The last portion of the comment is the only part with any substantiative truth to it, the rest is a mix of straight up nonsense and happy talk designed for Sanders to say to ignorant audiences he’s the most progressive on GHG emissions. It’s political speak, nothing more. My suspicion is Sanders has zero idea of what performance metrics need to change for highway funding, how state level transportation planning needs to change (some states barely do it), and the nature of the challenges that entails to do in . . . 10 years. We are looking to pass a five-year Highway bill this session! His 10 years is shot with renewal of the current Congestion Mitigation and Air Quality Improvement Program, which states are lobbying for.
I don’t mean to cut on Sanders specifically here, but I want to actually hear what candidates have to say before I listen to them preen about iffy laundry lists while getting in tit-for-tats over them. It’d be far better for candidates to participate in one-on-one climate focused interviews with knowledgeable people if we really want understanding.
small comment on all of that: I think you might be overly focused on transportation because of your work and expect candidates to be more into the details on that one thing than could reasonably be expected.

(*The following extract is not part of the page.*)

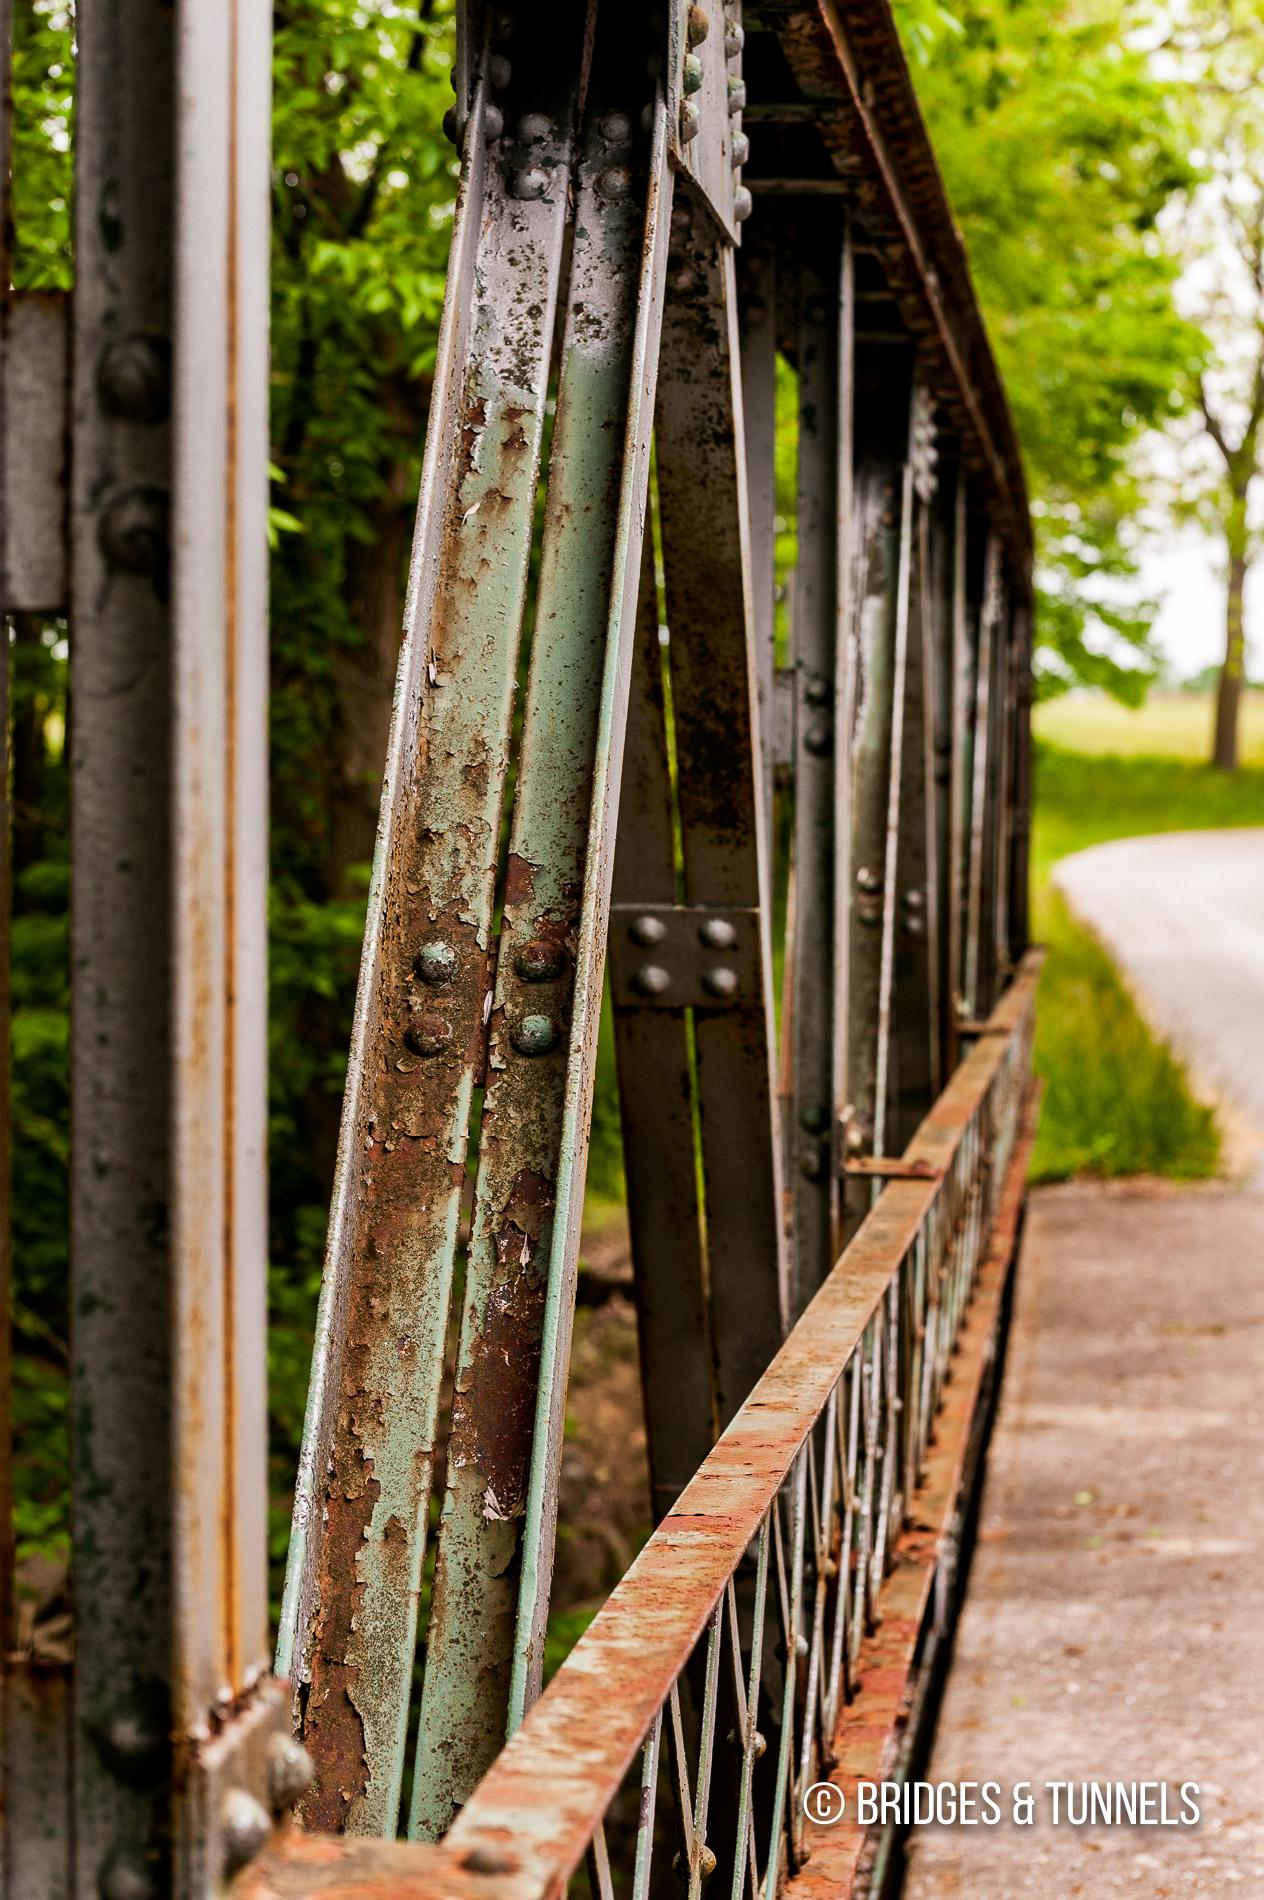 Monebrake Road Bridge

I am obviously a pretty details oriented guy - but for politicians I want them to have a good grasp of the big picture and to know how to surround themselves with excellent staff who can implement the vision.
It’s why I reference them as political statements—that’s what they are. Sanders is trying to be the most leftist with his, whatever its actual merits and workability, while O’Rourke seems to be putting out a plan to say he put out a plan. I’ve got no illusions about this. I only referenced that portion of the Sanders “plan” to underscore the ludicrousness of it and why I’m skeptical a debate is going to do much. I stand by my feeling, the outrage over a debate is dumb, let alone accusing the DNC of subterfuge etc., which is what I see in comments here.
The only campaign-effecting moments of the debates have been the confrontations. I don’t see why gotcha momenta are a bad thing. If they gotcha, it’s probably for a good reason, you know, like the track record you’re trying to hide.
This just came out and I wanted to add it to this thread for future reference
Thanks but Perez is a dancing marionette. He was told by his bosses they didn’t want to have a climate debate because it would hurt their numbers.